◆ **Work request**
Please transcribe the data below in full, word for word, without the images.

◆ **Source data**

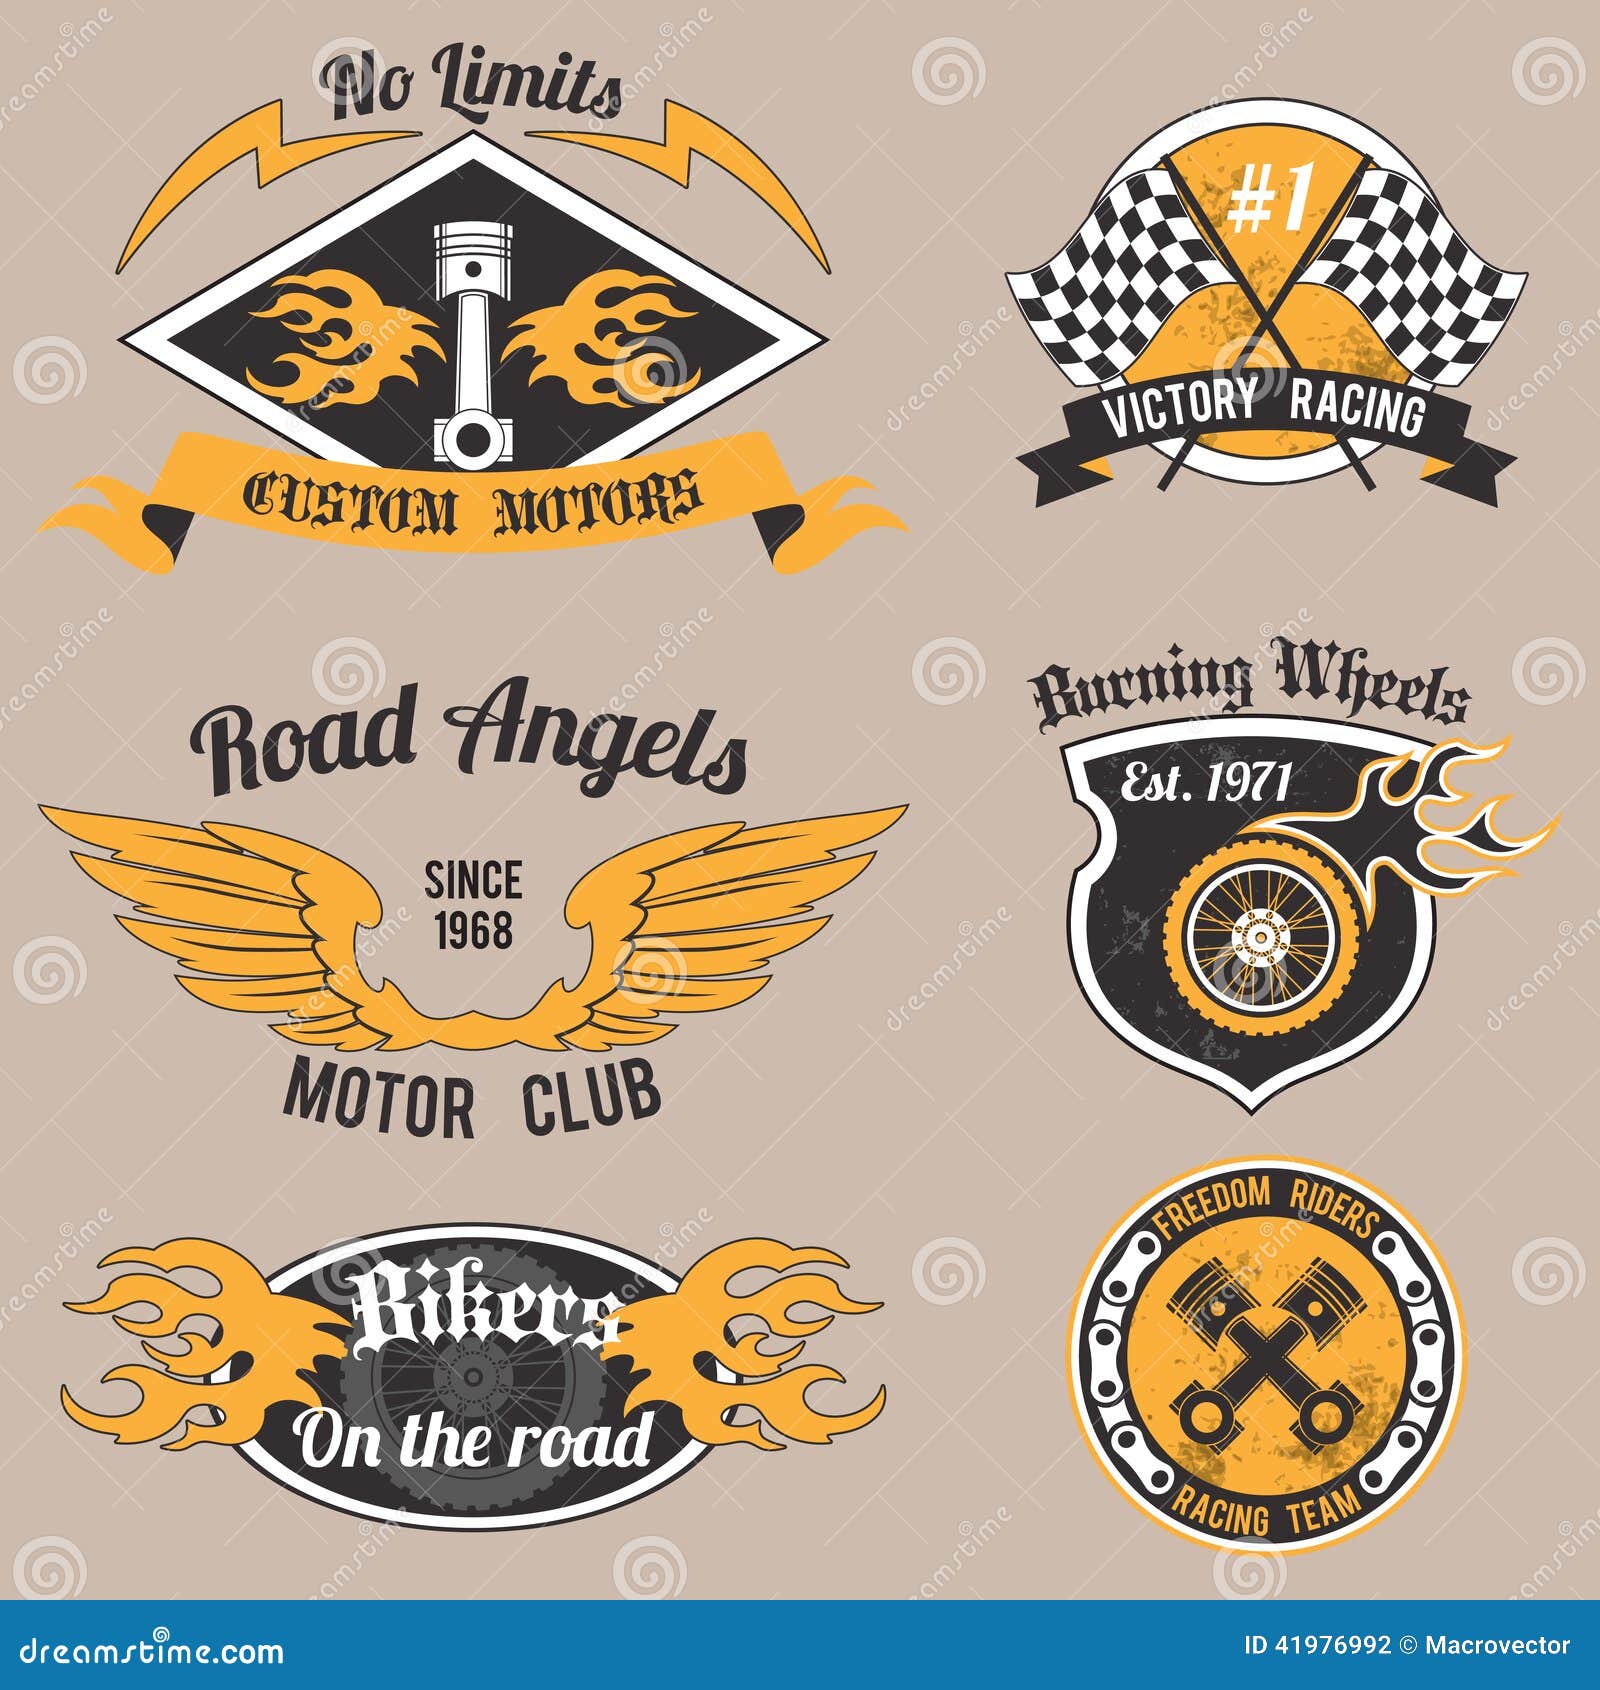 Motorcycle design badges stock vector Illustration of 
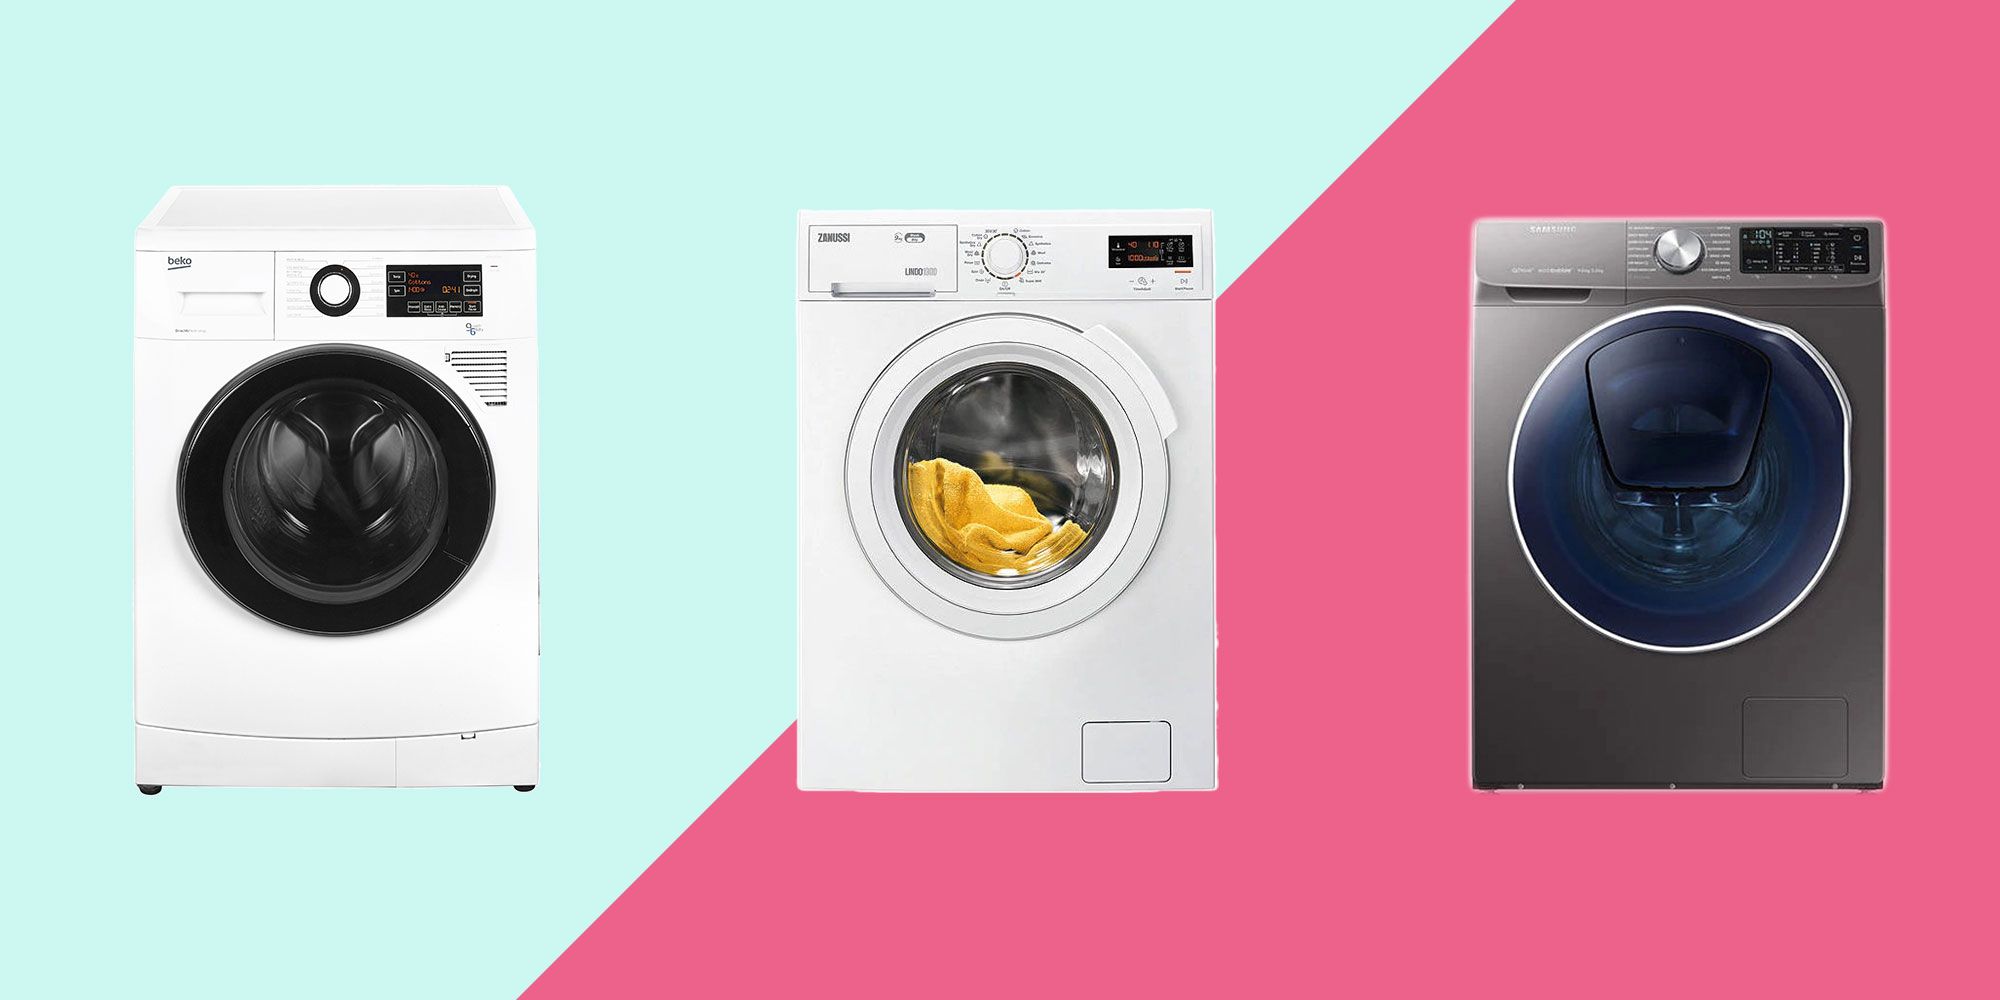 Spin Dry vs. Tumble Dry - Differences and When to Use Each
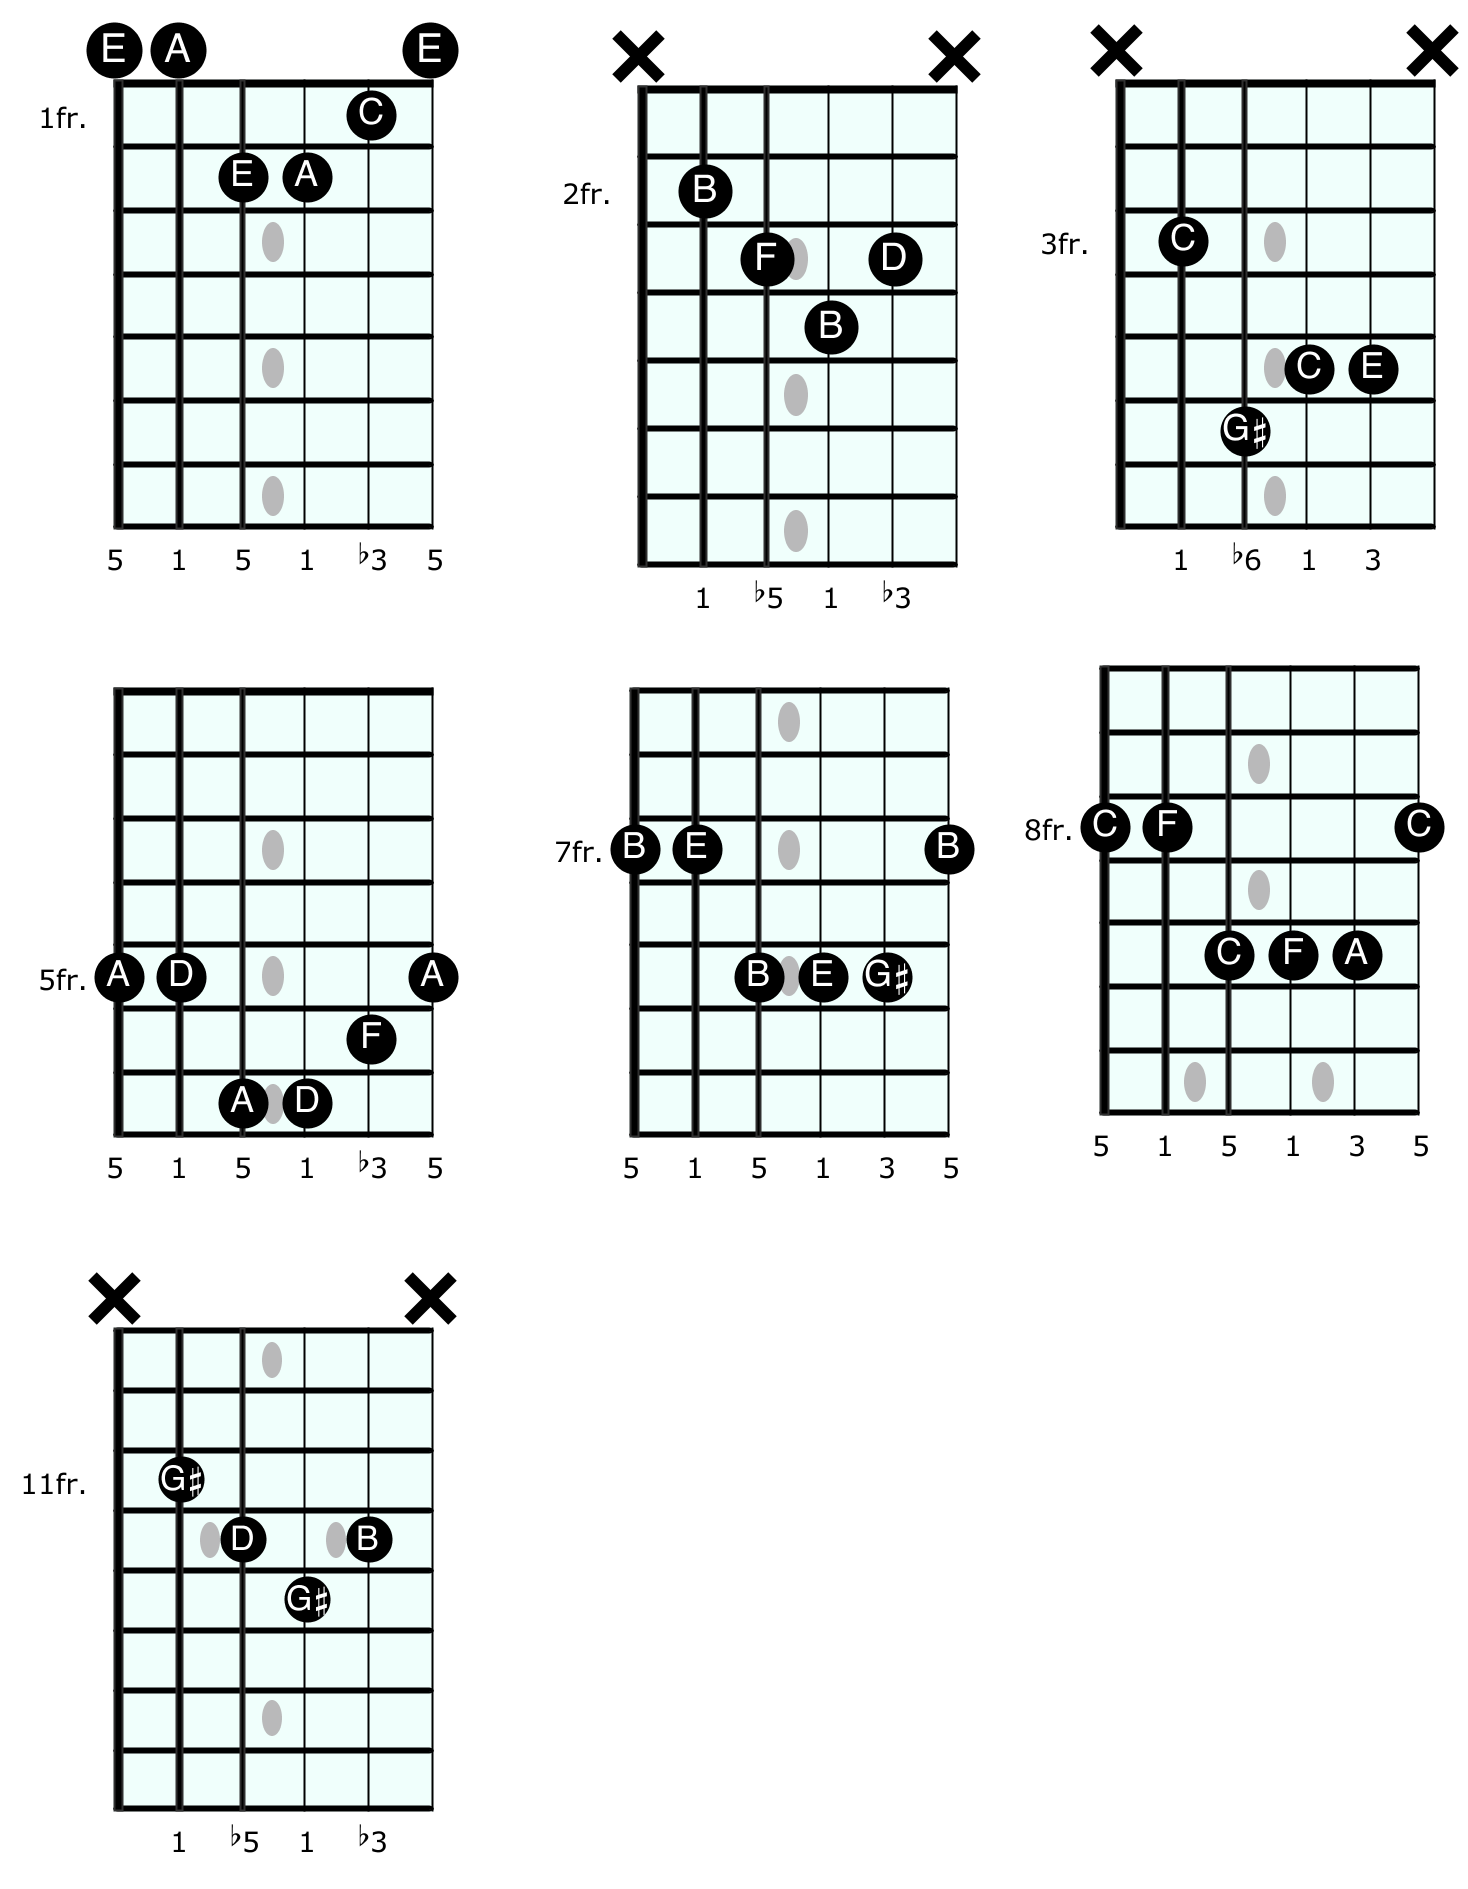 The chords in the A harmonic minor scale

◆ **Task answer**
 Motorcycle design badges stock vector Illustration of 
 Spin Dry vs. Tumble Dry - Differences and When to Use Each
 The chords in the A harmonic minor scale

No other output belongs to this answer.